How Labels Can Influence Our Actions
My husband and I were married on March 15, 1995. Looking back at these 26 years, I can see the gray and black stain of trials. However, our marriage has been filled mainly with a tapestry of beautiful colors. We have four exceptional children and live in beautiful New Zealand. Our way of life would be like most others if not for my husband’s illness.
Aubrey’s journey with hereditary ATTR amyloidosis started well before his diagnosis in 2013. At first, there were subtle signs, like bouts of diarrhea and a slight tingling in his hands. But these were never a cause for concern. When he lost his sense of taste and began losing a copious amount of weight in a short time, he pushed for further investigation, which led to the confirmation. We’ve been on this amyloidosis path ever since.
I honestly don’t know when my label as Aubrey’s wife changed to Aubrey’s caregiver. I can’t recall who first labeled me that, either. A healthcare professional, maybe? A friend? That label was stuck on me at some point by others, and over time, I accepted it and assumed the role.
If you have read any of my columns, you know that I believe a carer’s physical, mental, and emotional well-being are important. I share from my own personal journey, and my intention is to foster hope and let readers know that they are not alone.

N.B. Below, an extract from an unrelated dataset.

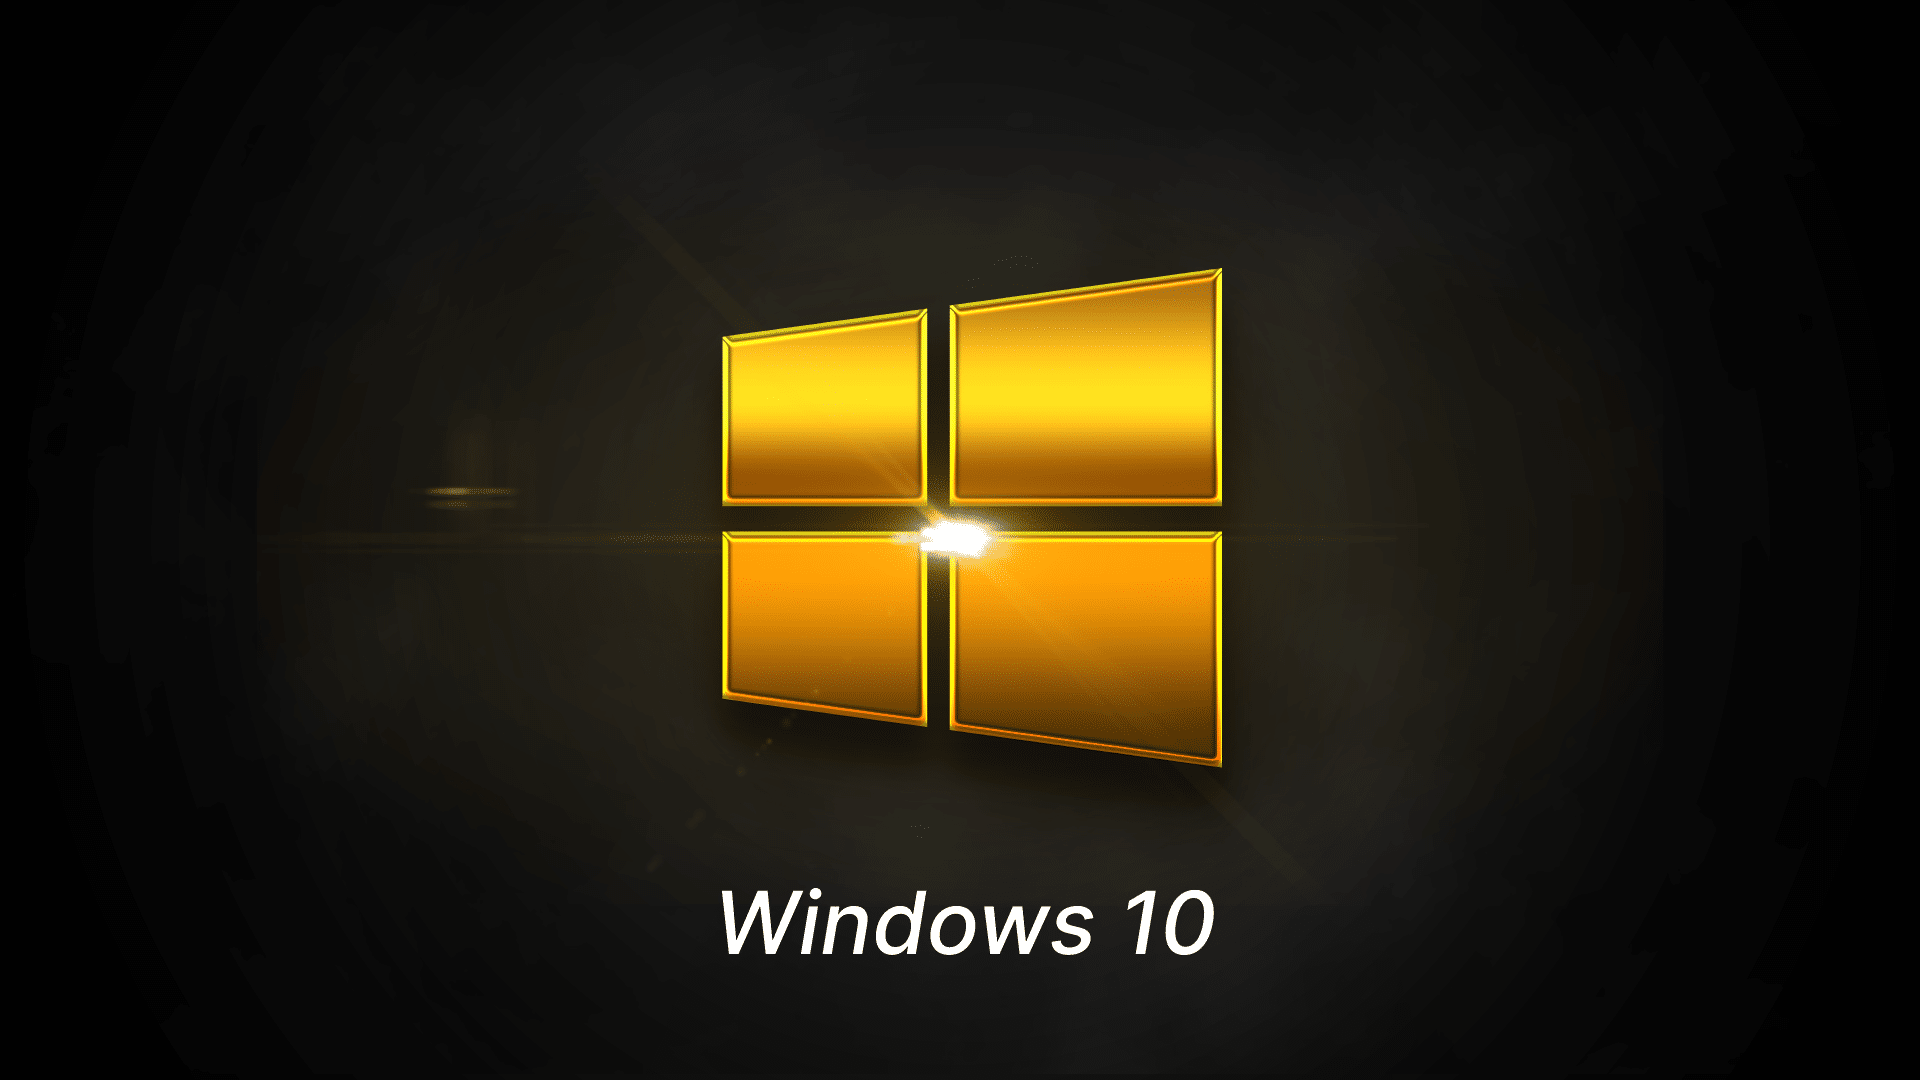 Jusqu'à 600 euros de promo sur ce PC Microsoft Windows 11
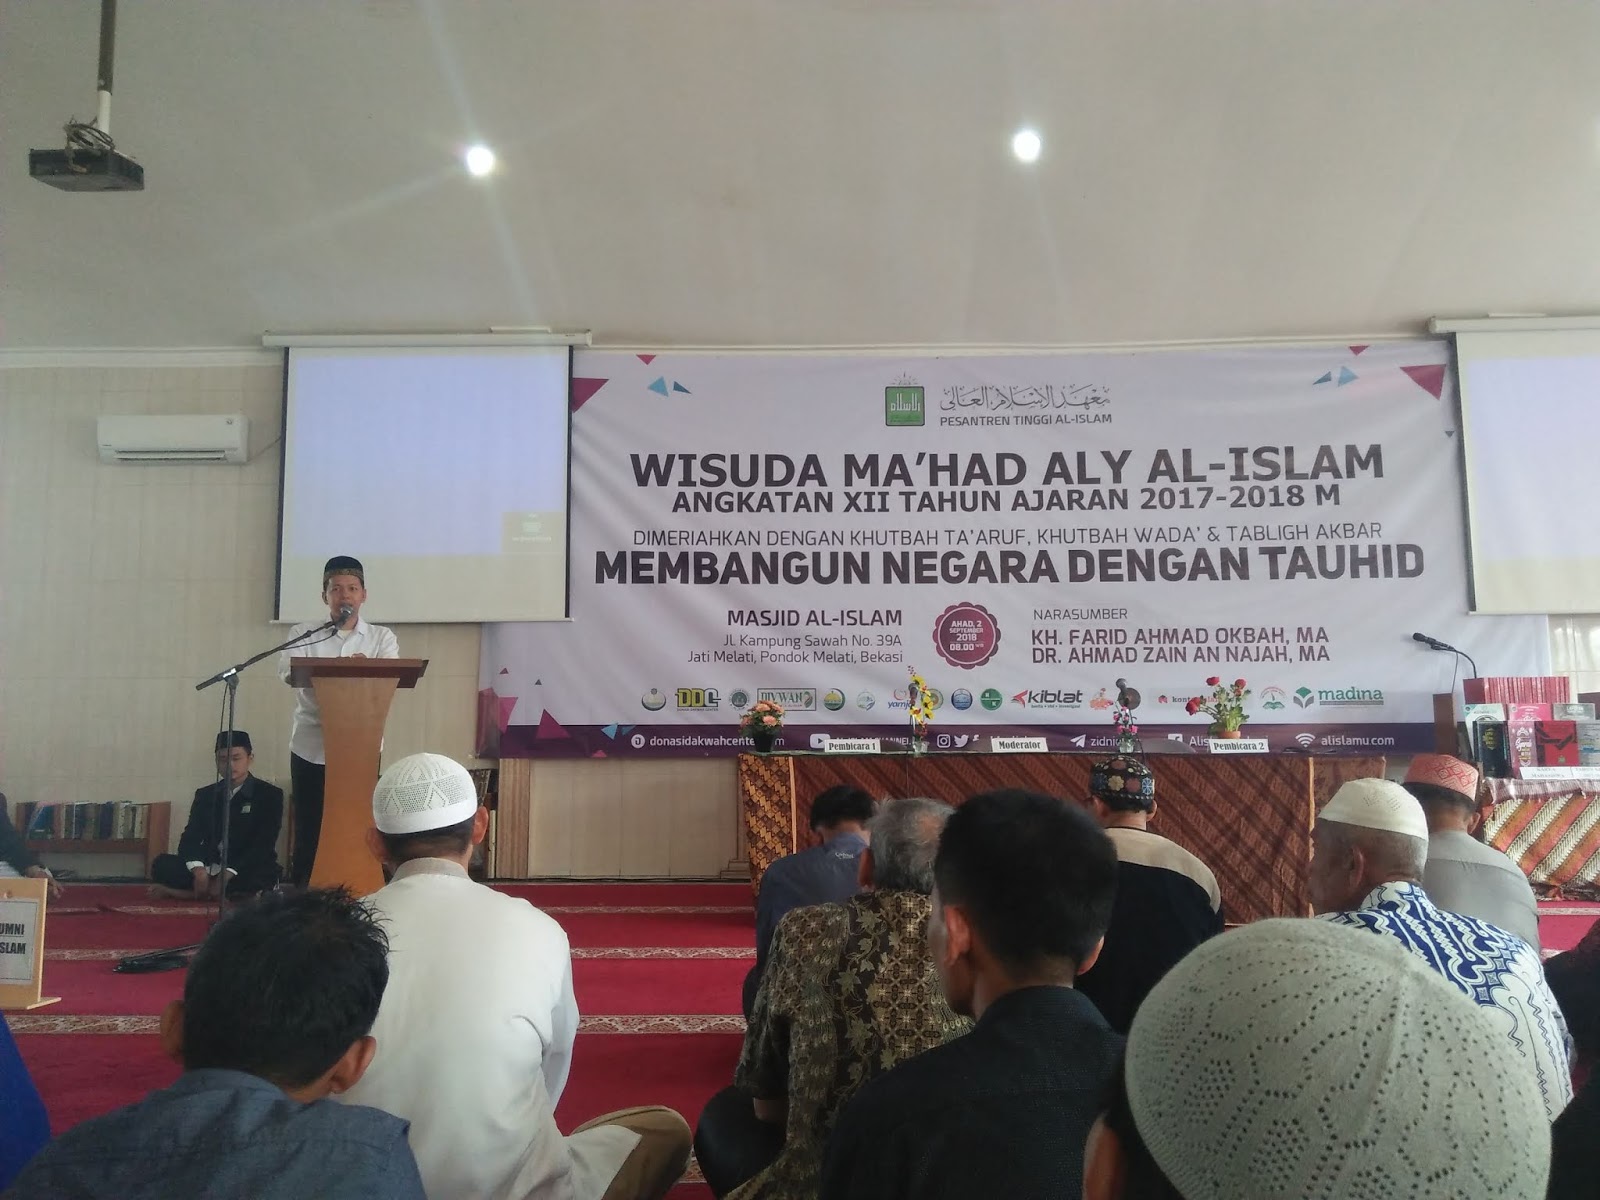 Center Bekasi Juga menyelengarakan acara kajian Tablig Akhbar bersama ketua Yayasan Islamic Center Ustadz Farid Ahmad Okbah Lc sebagai pembicara

We are no good at attending to our loved ones if we are unwell.
Most struggles that caregivers and patients face stem from our thoughts. We are what we think we are, so being mindful of our mental state is very important.
One of the pathways to psyche misdirection is labeling. Labels are the words we use to describe ourselves. We may have adopted them ourselves, or society may have attached them to us. Labels can range from “I am a wife/husband/daughter” to the more sinister “I am useless/hopeless/unwanted.” The spectrum is broad.
The critical factor is the defining box we are placed in. Negative or positive, what we profess daily about ourselves will significantly affect our concept of ourselves. What we actively affirm will dictate the trajectory of our actions. Labels can be helpful in many ways, but they can also be unhealthy.
In preparing to write this column, I dissected the label “caregiver,” which I freely use these days. What unconscious connotation do I attach when I say that I am Aubrey’s caregiver? Am I a compassionate, capable, giving, and generous caregiver? Or, am I selfish, hopeless, defeated, and weak? As caregivers, we can become so narrowly focused on the tasks at hand that we may fail to take stock of what goes on behind the scenes in our heads.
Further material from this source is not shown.